Higher flexibility in input N:P ratios results in more balanced phosphorus budgets in two long-term experimental agroecosystems

Abstract

Inefficient phosphorus (P) use in intensive agriculture is common in both organic and conventional systems, resulting in P over-application and soil P build-up. Increasing crop P removal and P recycling within farming systems (e.g., via cover crops) and reducing P inputs lower P surpluses, resulting in more balanced P budgets.
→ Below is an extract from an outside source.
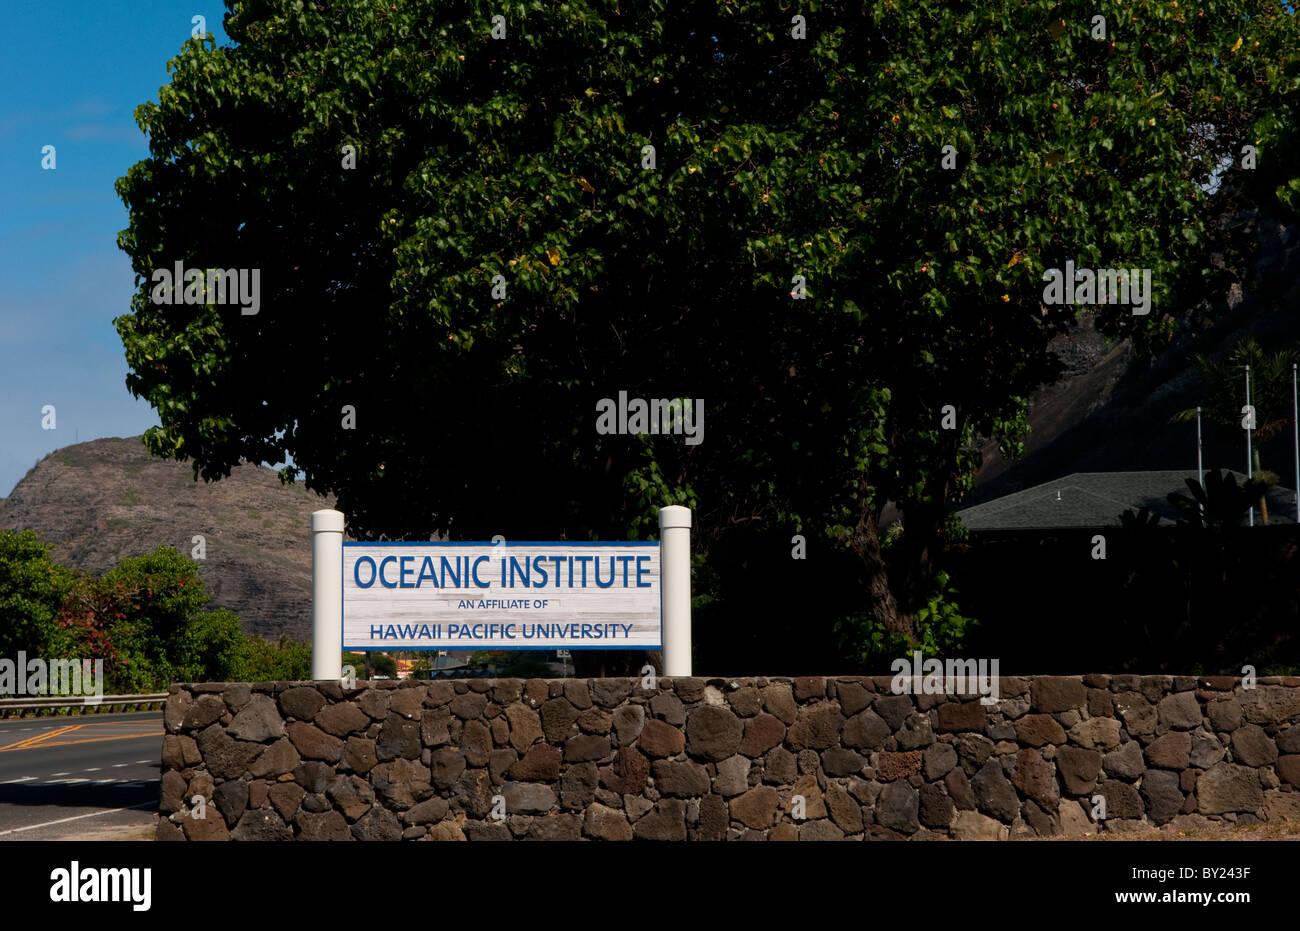 Hawaii Honolulu Oceanic Institute of Hawaii Pacific University - Stock Image

Lowering P inputs to reduce soil P surpluses is easier with mineral fertilizers for which nitrogen (N) and P inputs can be decoupled, whereas reducing inputs of organic amendments with a constrained N:P stoichiometry (manures, composts) often results in N under-fertilization and lower yields. We computed farm-gate P budgets for several vegetable and grain cropping systems in two long-term California agricultural experiments that vary in terms of inputs (mineral fertilizers, organic fertilizers, manure, yard compost), cash crops (corn, wheat, tomato, broccoli, lettuce), cover crops (type, frequency) and cropping intensity (biennially, annually or biannually). In organic systems, using manure or compost resulted in high P surpluses, whereas using pelleted or liquid organic fertilizers with higher N:P ratios resulted in smaller P surpluses. Systems receiving mineral fertilizers were often very close to P balance when fertilized regularly. Grain rotations generally had small P deficits whereas vegetable rotations had P surpluses due to lower crop P removal and higher output N:P in vegetables. Phosphorus uptake by cover crops was important (12–25kg Pha−1), but their benefits to soil fertility will depend on the magnitude and timing of P release during residue decomposition. Overall, using organic nutrient sources with a constrained stoichiometry and low N:P ratios resulted in significant P surpluses, confirming the need to use complementary N sources such as N-fixation or N-rich fertilizers to balance P budgets.